In probability theory alternative axiom systems may be the answer and candidates exist from Renyi and Popper. However, the ontological analysis may indicate that the eventual practical answers lie in something more akin to physics rather than logic or mathematics. Future posts will engage critically with this work.

Tuesday 3 July 2018

Beyond the Evidence Base - the strength of causal explanations

The term "evidence based" is often used in statements in health care or science policy that are intended to indicate respect for a scientific approach. Indeed evidence is essential for testing scientific theories and specific statements but science provides something much more powerful and that is an explanatory theory.

Theories arise in science through a critical process that incorporates much debate and draws on past theories, philosophy (if only implicitly) and, of course, evidence. Having passed several tests and often having gone through several formulations a theory will be accepted quite generally as the best current explanation of the facts in the domain to which it applies. The main point to be made here is that the power of the theory goes beyond, and cannot be derived from, the evidence. This provides the ability to understand and predict states of affairs that are not covered by the current evidence base.

The power of explanatory theory can be used to eliminate, provisionally, courses of action and to guide positive proposals. As an example of how a philosophical analysis can contribute to clarifying these issues there is  a recent paper by Rani Lil Anjum "Evidence Based or Person Centered? An Ontological Debate" that uses the example of health care to analyse the limitations of the "evidence based" approach. This critiques the positivist underpinning of Evidence Based Medicine and provides a strong alternative. Lip service is still paid by some prominent scientists but following the work of Karl Popper and others its limitations are clear. However the work of Anjum with her colleague Stephen Mumford is developing philosophical tools that provide a conceptual framework for developing comprehensive causal explanations founded on a dispositional ontology.

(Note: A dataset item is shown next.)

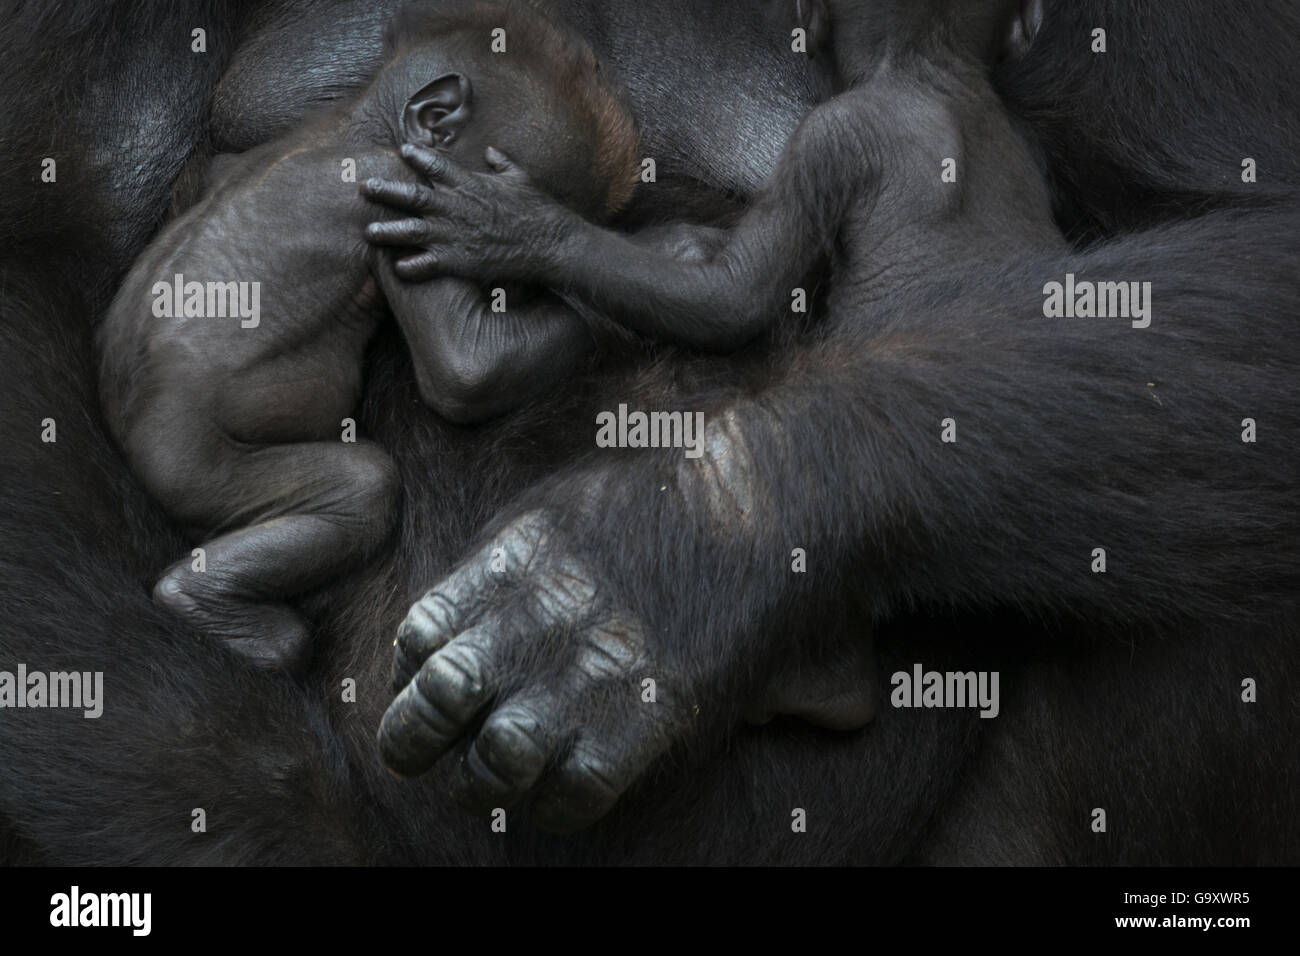 Gorila de las tierras bajas occidentales (Gorilla gorilla gorilla) twin bebés edad 45 días durmiendo en brazos de la madre, cautiva, ocurre en el centro Foto de stock

Because scientific theories provide explanations that go beyond  the evidence base, they can make strong statements about situations where the evidence is missing and can be too difficult or expensive to generate. However, there is a risk that Evidence Base arguments will be used to undermine the power that theory provides to spell out the consequences of misguided actions. Climate change provides a simple example of an area where well established theory can make statements of global significance. The well established consequences of adding CO2 to the atmosphere together with the input that mankind has indeed added vast quantities of CO2 provides very strong and simple case for human driven climate change. That is, that human action is a cause of climate change. In greater detail the same theories can quantify and provide testable predictions, and an increased evidence base is the output rather than the input.